As with Christian cults, Muslim cults (which include extremist groups that may mistakenly be equated ideologically with schools of theology within the Muslim mainstream, as the ICC may be confused with the Church of Christ) also twist their scriptures to serve hidden agendas. Some have become aware of this aspect of the cultic dynamic and have instituted programs of counterindoctrination to rehabilitate terrorists and prevent recruitment of would-be terrorists (Craigin & Gerwehr, 2005). These programs tend to focus on ideological analyses and, according to reports, have not been very successful (Morris, Eberhard, Rivera, & Watsula, 2010).

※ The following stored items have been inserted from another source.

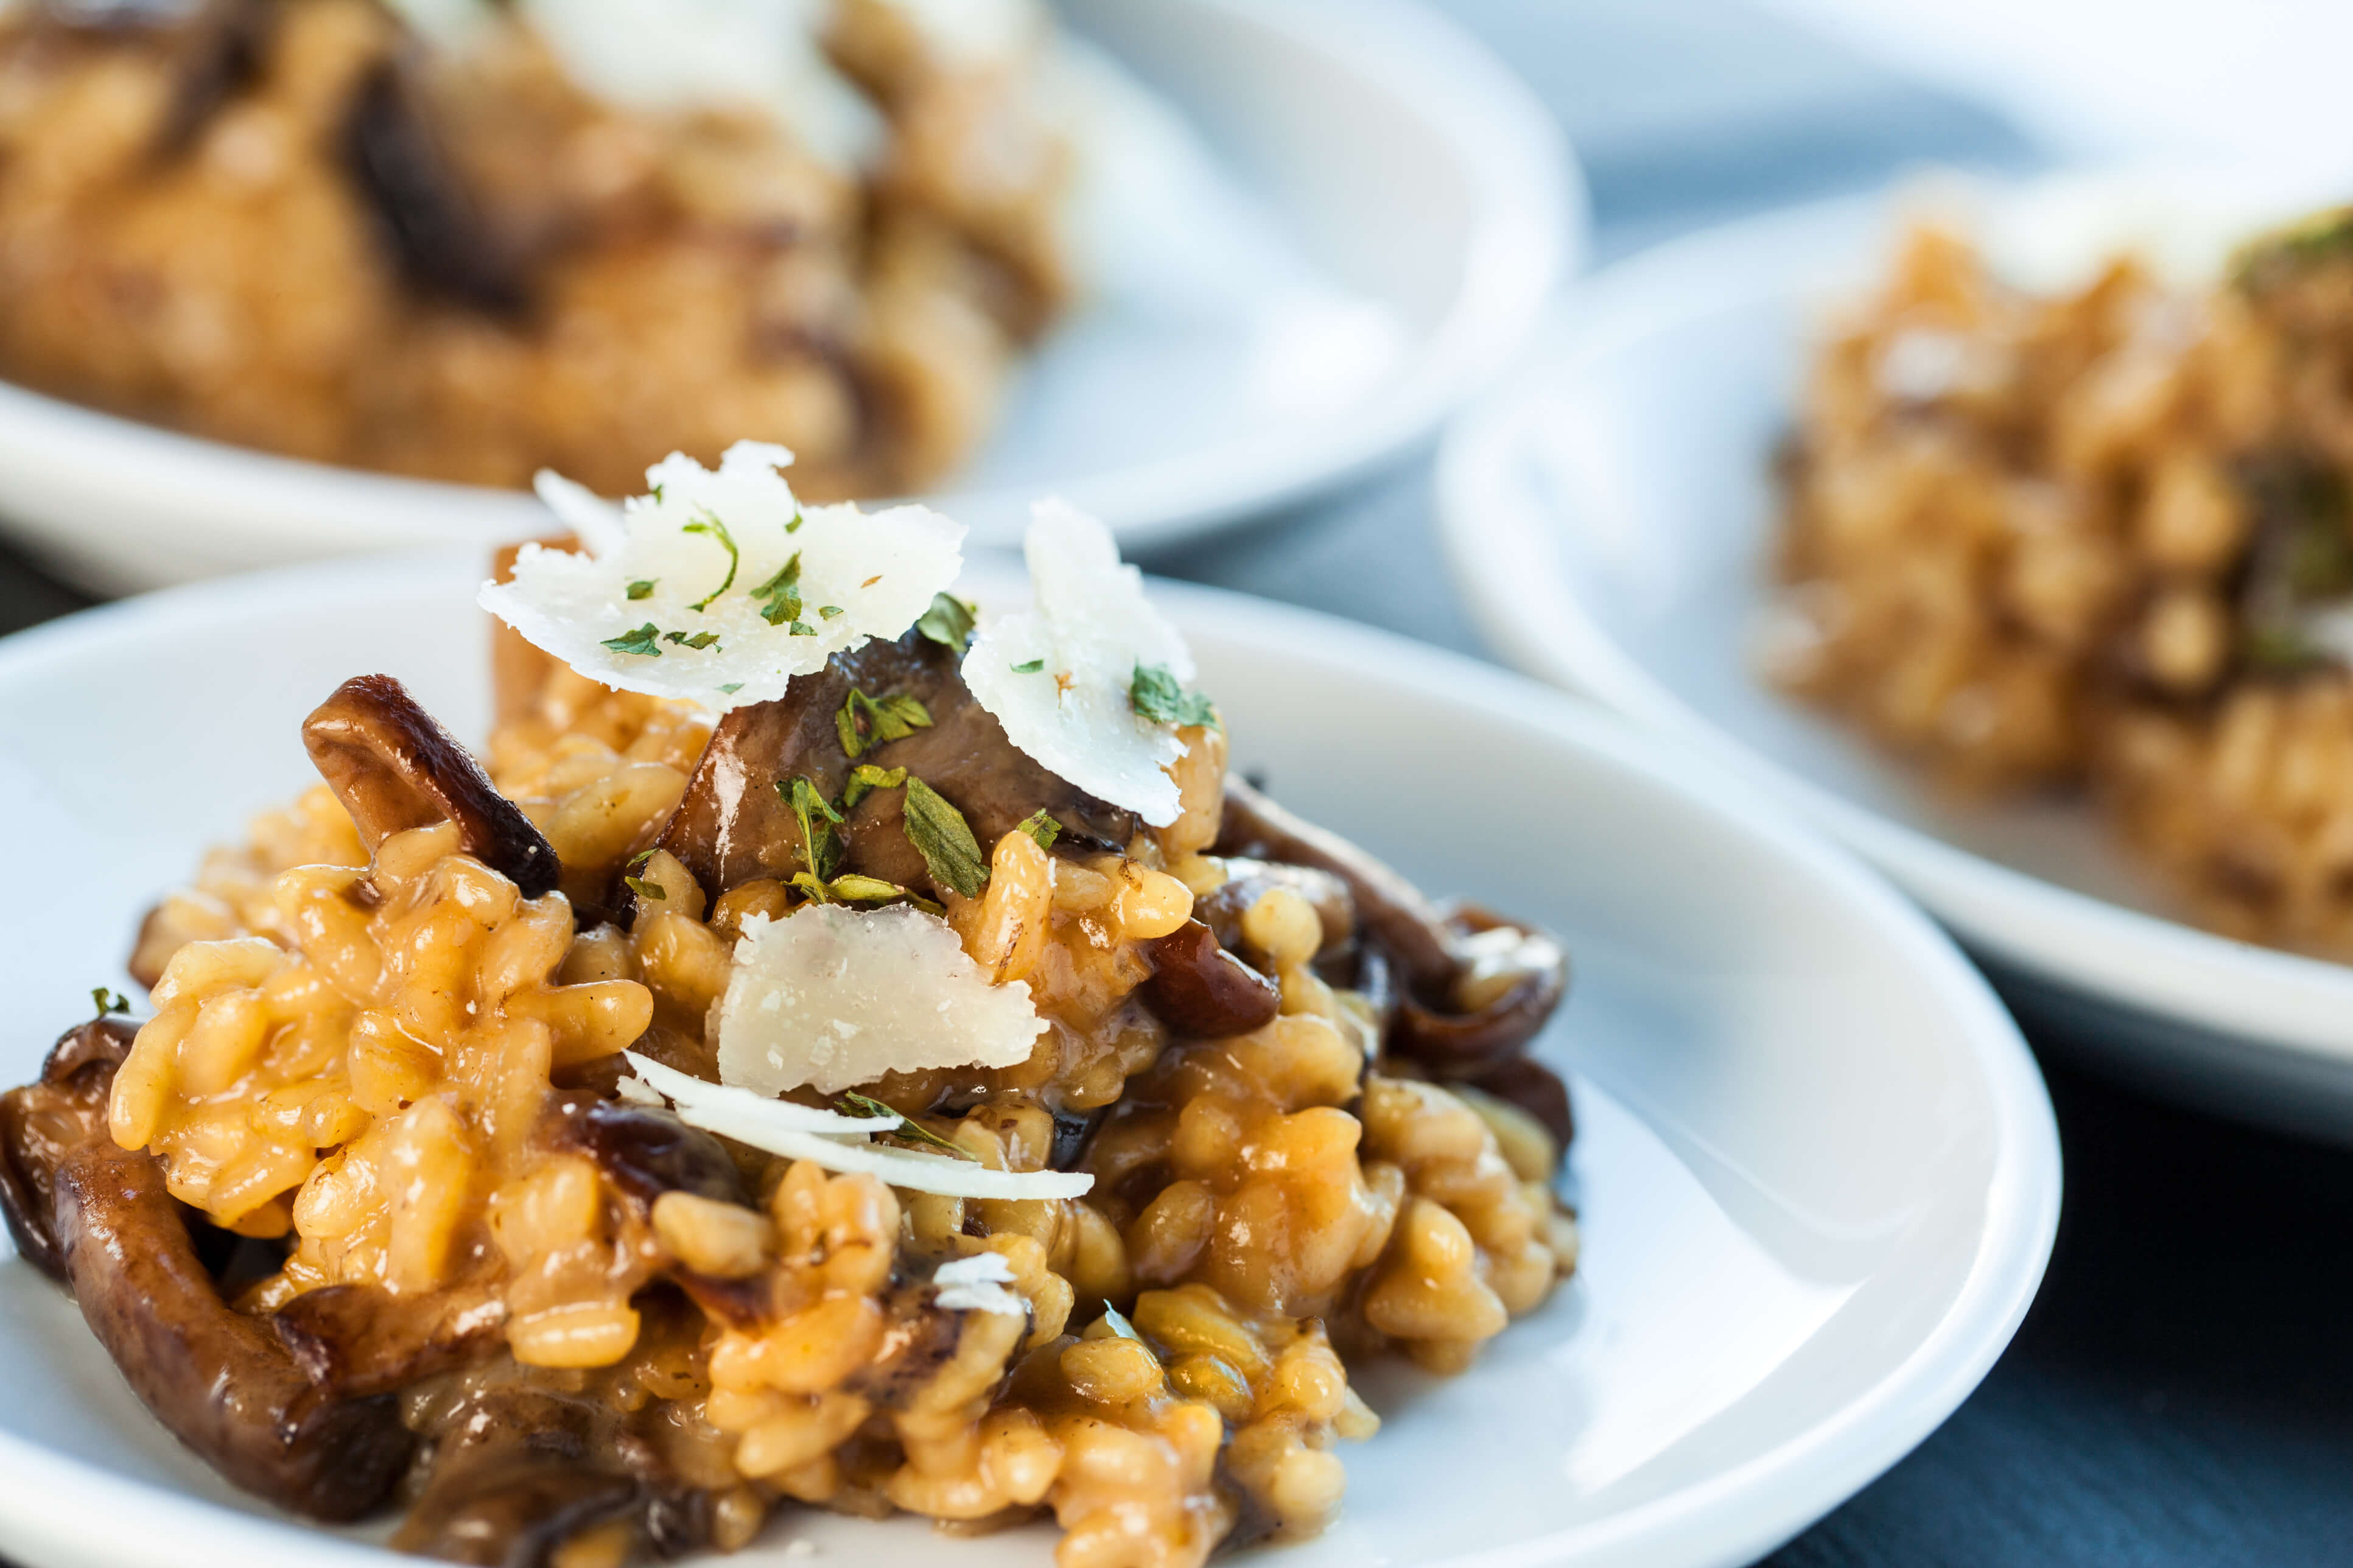 Cooking classic risotto can be a hands-on process that lasts over an hour.
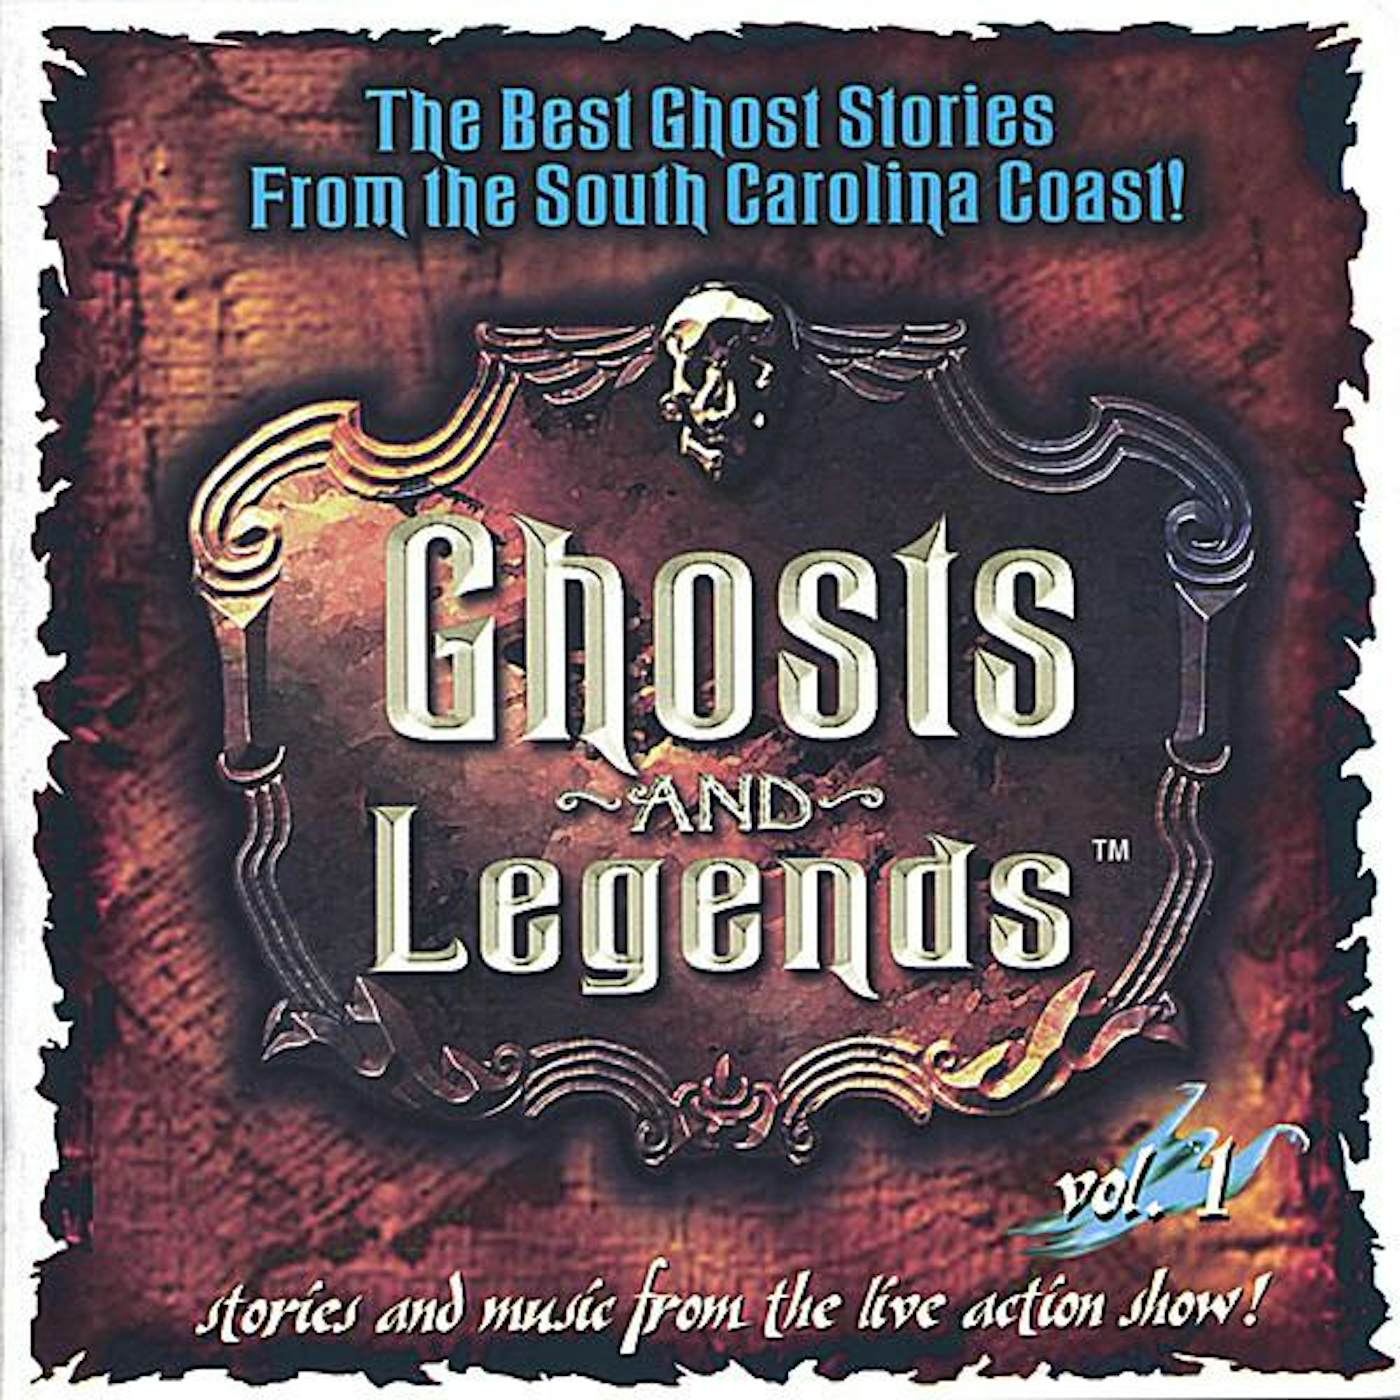 Ghost Stories GHOSTS & LEGENDS 1 CD
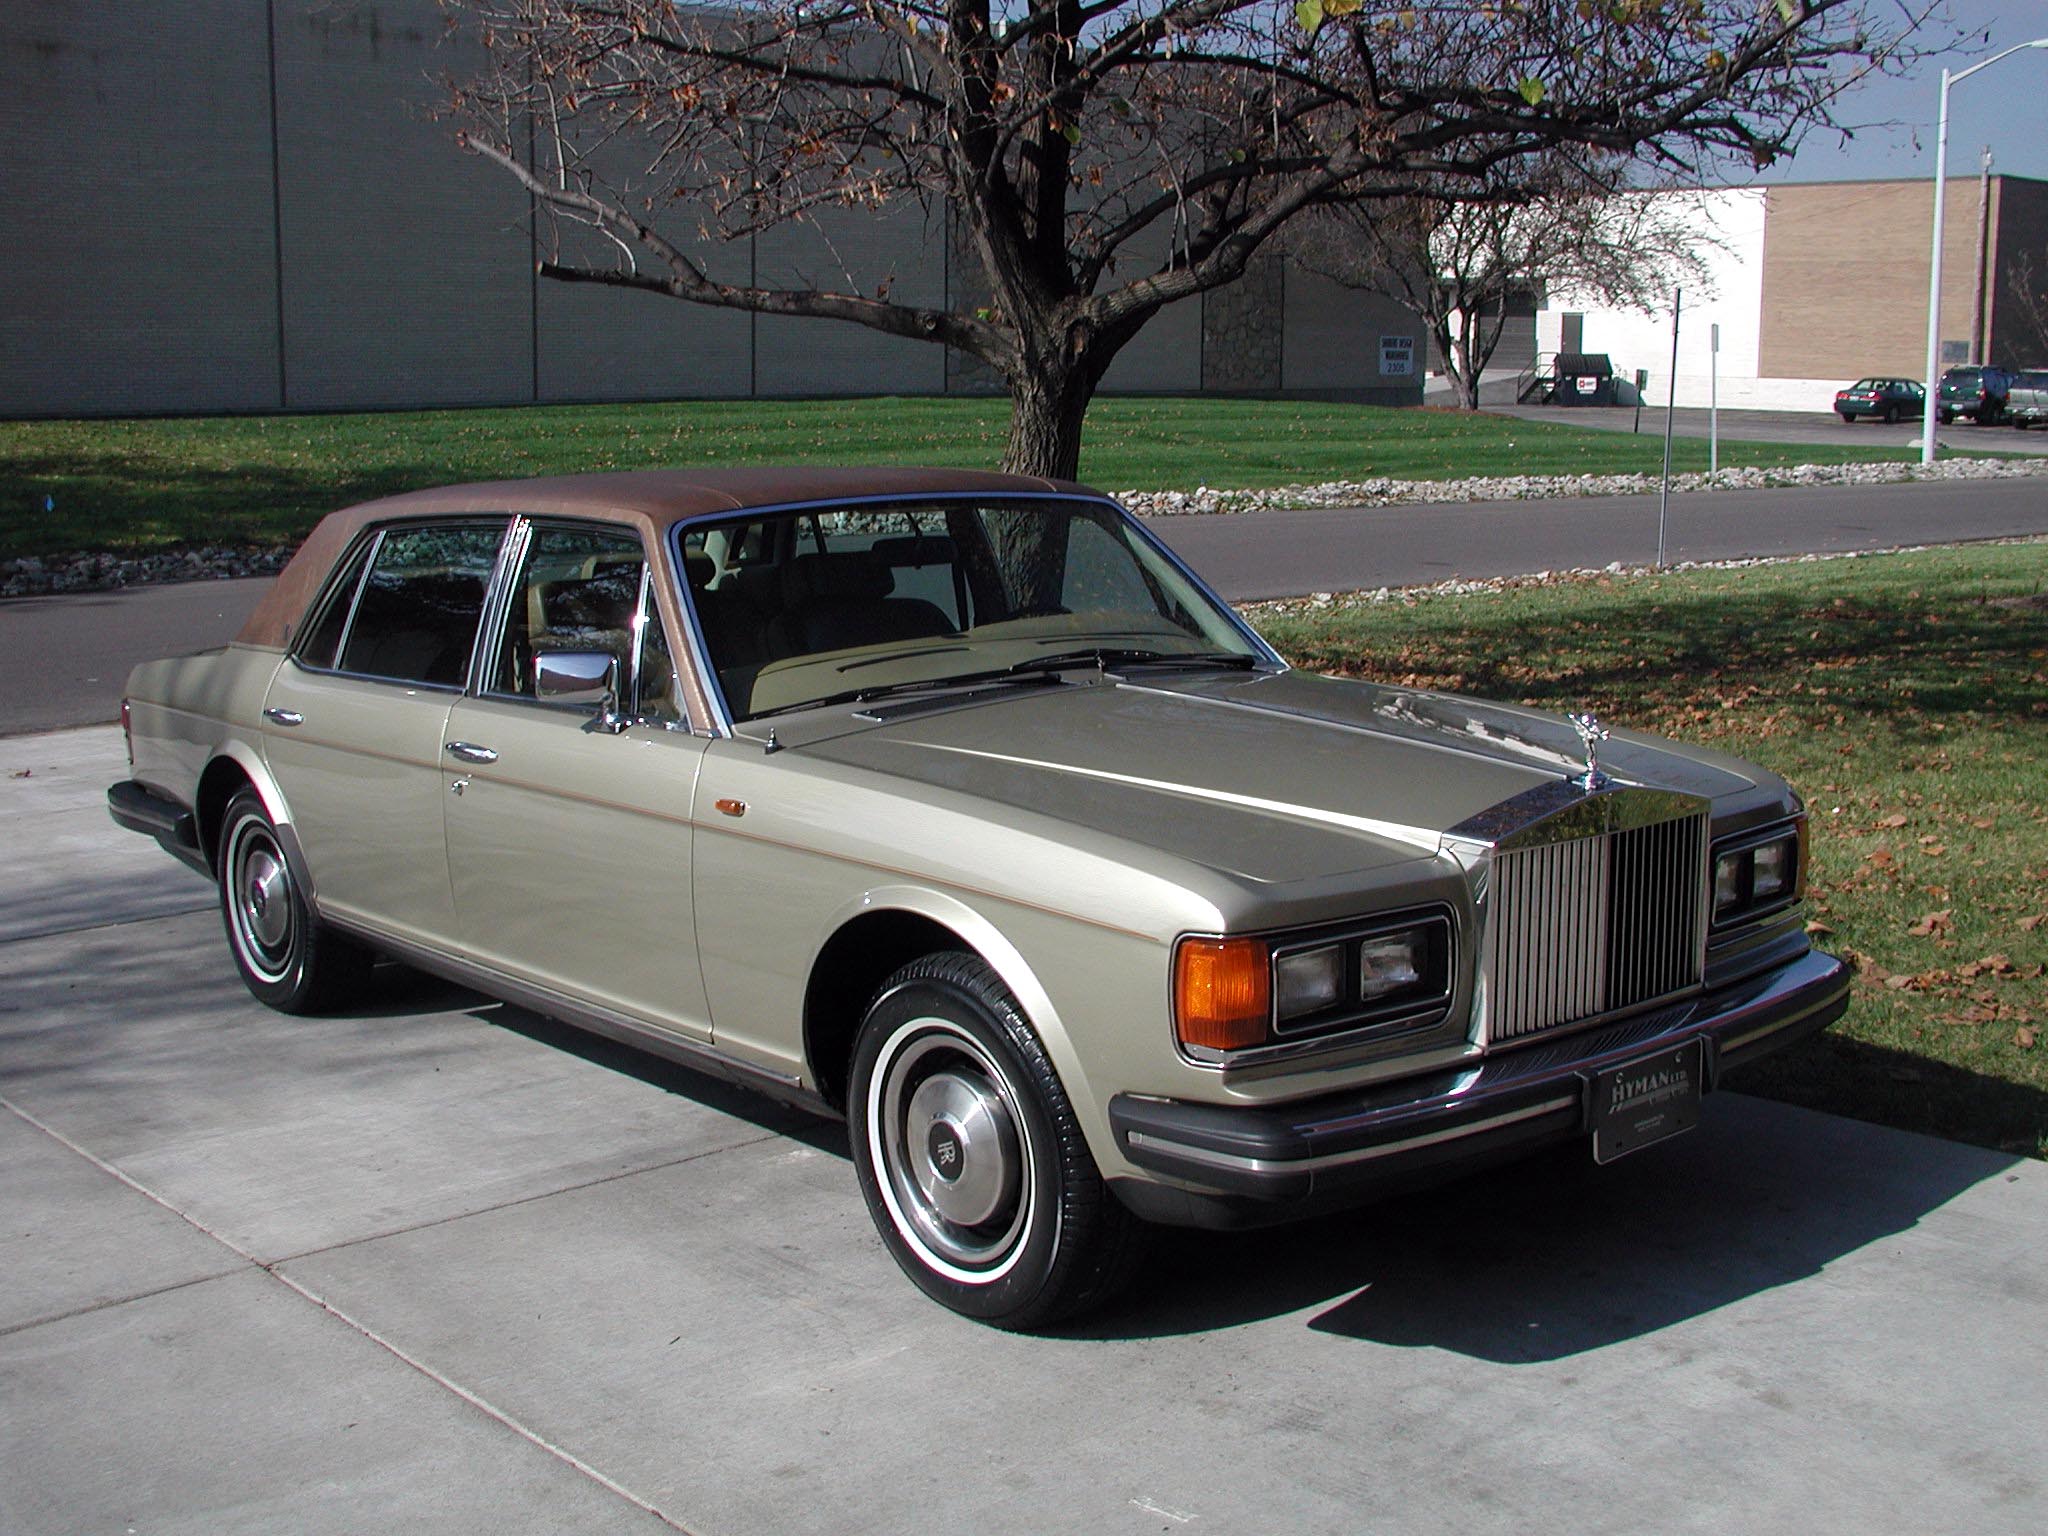 Used RollsRoyce Silver Spur for Sale Test Drive at Home  Kelley Blue  Book

This lack of success is not surprising. Decades of clinical work with former cult members, who are the best source of intelligence concerning what goes on in cults behind the scenes, has taught cultic-studies experts that one must pay attention to much more than scripture twisting to understand and respond constructively to cultic conversions. The public ideology of a cultic group may be a tool to gain credibility. Frequently, “back-stage” behavior, or a lived ideology, may distort or even contradict the public ideology aimed at gaining recruits and outside support. One might say that the public ideology is aimed at perceptions, while the lived ideology is aimed at behavior.

The lived ideology is embedded in manipulative group dynamics that over time alter followers’ identities in fundamental ways. Once followers have successfully imbibed the lived ideology of the group, they will use their native intelligence to construct rationalizations to counter theological arguments that assail the belief system to which they are loyal. Many followers, and probably most, are tightly attached to their group because of emotional manipulations that create and fortify affective bonds among members and between leaders and members. Clinical experience suggests that, for the majority of cultists, ideological loyalty derives from emotional bonding more than it derives from intellectual argument. Hence, rationalization will usually prevail over reasoning. Or, as often has been said, “My head says ‘no’; my heart says ‘yes’; my heart wins.” Deradicalization efforts that focus only on the head are doomed to fail.

Given this analysis, cultic-studies experts ought to be able to help terrorism specialists improve the effectiveness of deradicalization programs in two important ways. They can work with Islamic experts to expose the public ideology: that is, to show how radical Muslim groups, like their Christian analogues, are theological frauds—i.e., “wolves in sheep’s clothing.” But more importantly, cultic-studies experts can help explain the psychological dynamics that enable Muslim cult leaders to gain high levels of influence over their followers, instilling a lived ideology of the kind that inspires people to give up their children or their lives; and they can help defectors from radical Muslim groups deal with the specific psychological issues involved in recovery from cultic experience.

Although an understanding of cultic dynamics is far from sufficient to explain the causes, effects, and implications of terrorism, the perspectives and insights of cultic-studies experts may be a necessary part of an explanation that does justice to the complexity of the phenomenon.

References

Craigin, K., & Gerwehr, S. (2005). Dissuading terror: Strategic influence and the struggle against terrorism. Santa Monica, CA: Rand.

Morris, M., Eberhard, F., Rivera, J., & Watsula, M. (2010, May). Deradicalization: A review of the literature with comparison to findings in the literatures on deganging and deprogramming. Research brief from the Institute for Homeland Security Solutions.